Не помню уже, что она мне рассказала, объяснила ли она мне что-то вообще. Помню только, что дрожал, ожидая ее, возможно, от опасения (а вдруг она передумает! Вдруг она не придет!), но главное от радости. И… не знаю, могу ли я это сказать… у меня стояло. У меня стояло как никогда, только от мысли, что скоро я снова смогу прижать к себе это тело… Это тело, молодое и горячее, так сильно любимое. И я уже не помню, как именно все произошло, что мы сказали и не сказали друг другу. Помню только это безумное желание, и еще слезы. Я заплакал и она тоже, кажется. Мы занимались любовью и плакали.

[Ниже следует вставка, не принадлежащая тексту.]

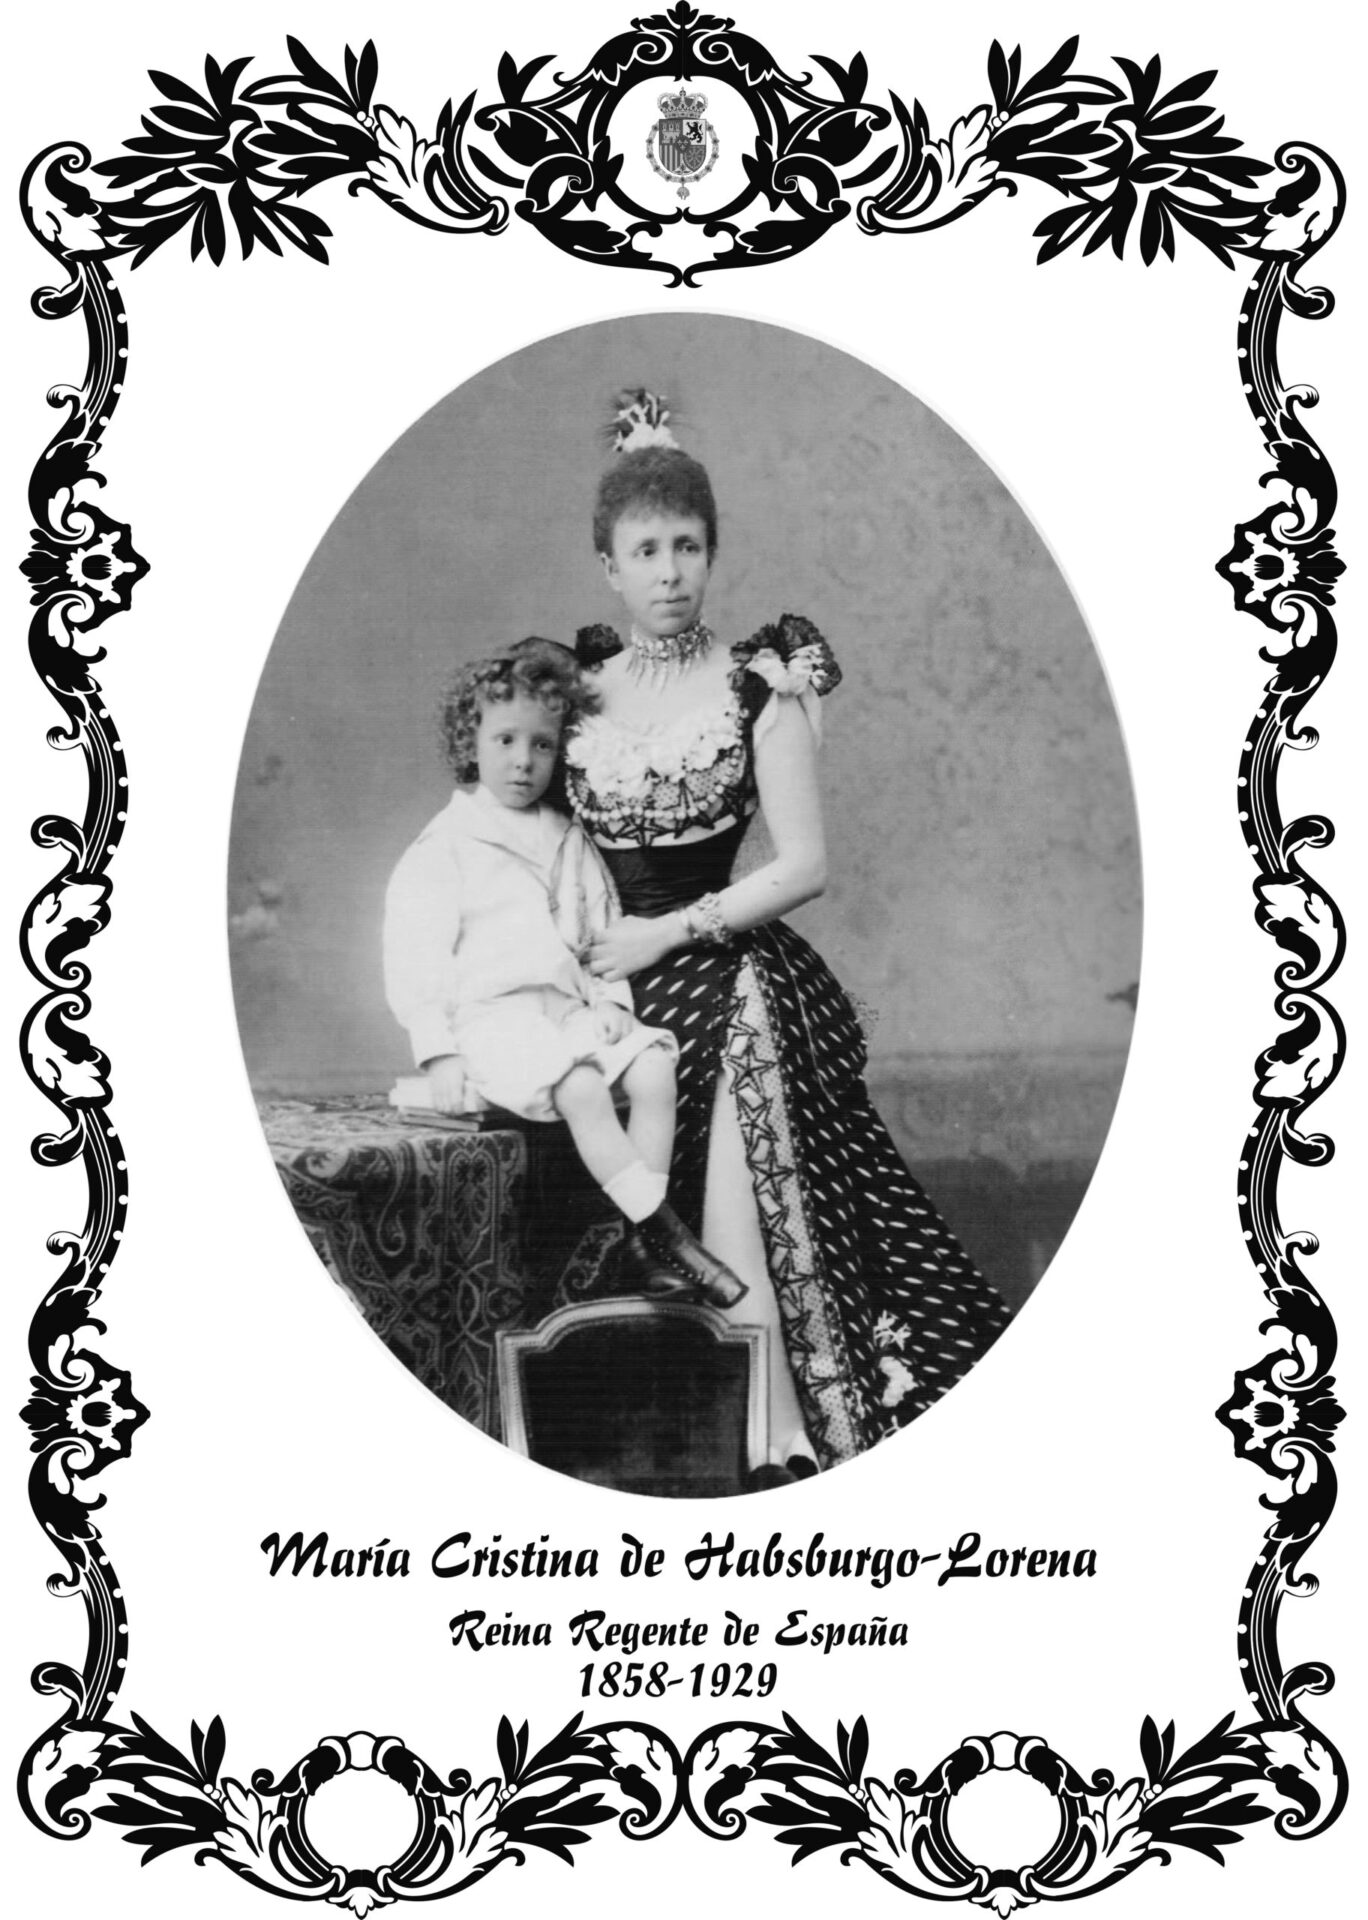 María Cristina de Habsburgo-Lorena o María Cristina de Austria

Вот что остается у меня в памяти: потрясающая эрекция и слезы.
Летиция, любимая моя Лэ — потерянная, обретенная и снова потерянная…
XII
Все же были и счастливые дни. Хорошее ведь быстро забывается. Любовное наслаждение легко, и легкость его улетает. Был день, когда она сказала мне: «Ты не такой, как все», и дни, когда она говорила мне, как будто бы сравнивала в уме с чередой былых или нынешних соперников: «Как мне хорошо с тобой!» Был день, когда, чтобы отметить шестой месяц нашей связи, она подарила мне «Опыты» Монтеня (у меня уже было три экземпляра, но на этот раз речь шла об издании Кост 1725 года, она заняла денег у матери). Была та знойная августовская ночь, когда она разбудила меня, умоляя сейчас же пойти с ней на мост Искусств, чтобы заняться любовью под звездами, и мы почти так и поступили. Был тот день, когда она подвернула ногу в Винсенском лесу, и мы пробежали метров пятьсот по тропе, заливаясь безумным хохотом; она уцепилась за мою шею, хромая на одну ногу, а я для смеха хромал на другую. Был двенадцатый удар часов в полночь на Новый год — она увенчала меня омелой, когда я уже ее раздевал. Были выходные в Довиле… Была эта поездка в Ним, когда к пяти часам, после сиесты, у подножья лестницы собора Святой Троицы на Холме, рядом с цветочным прилавком, низким и взволнованным голосом она призналась мне в любви, объявив, что судьбы наши связаны до самой смерти. Была ночь в Болонье, когда мы только что приехали на машине, устали и нам хотелось пить, — мы пили ламбруско, игристое красное вино Модены, в ресторане «Диана», виа Индипенденца, и она была серьезна и немного бледна, в спальне простыни пахли душистой геранью, и на ее лице больше не было той улыбки, которая всегда, казалось, судит меня; как это редко бывало, я смог с наслаждением оставить всякую бдительность, эту сковывающую заботу о том, что она подумает, один из немногих раз, когда я подумал «мы», просто мы, только мы, единое существо, и нечего было думать, нечего чувствовать, кроме этого, наша кожа, тело, лицо — едино, мы не были больше ни в настоящем, ни в прошлом, мы плыли, возможно, в будущем, легкие, умиротворенные — над временем.
Над временем, но не вне его, как мне часто казалось, когда я был с ней. Я хочу рассказать об этой потери чувства настоящего момента, которую я так болезненно ощущал, когда мы занимались любовью. Как будто это счастье было нереально и не самодостаточно. Я так желал ее, рисовал себе в воображении с таким жаром и иногда так долго, что, когда это наконец происходило, это казалось не более реальным, чем предшествующие лихорадочные предчувствия. К этому прибавлялось сознание хрупкости и эфемерности моего удовольствия, боязнь следующей минуты, этого столь близкого момента, когда счастье пройдет. Как зараза, в меня проникало болезненное чувство, что это наслаждение только что закончилось, что оно уже состоялось (чтобы выразить это, надо бы изобрести новое грамматическое наклонение, помесь изъявительного и условного, что-то подобное нереальному наклонению близкого будущего — время «это прошло» в самом сердце времени «это сейчас будет»).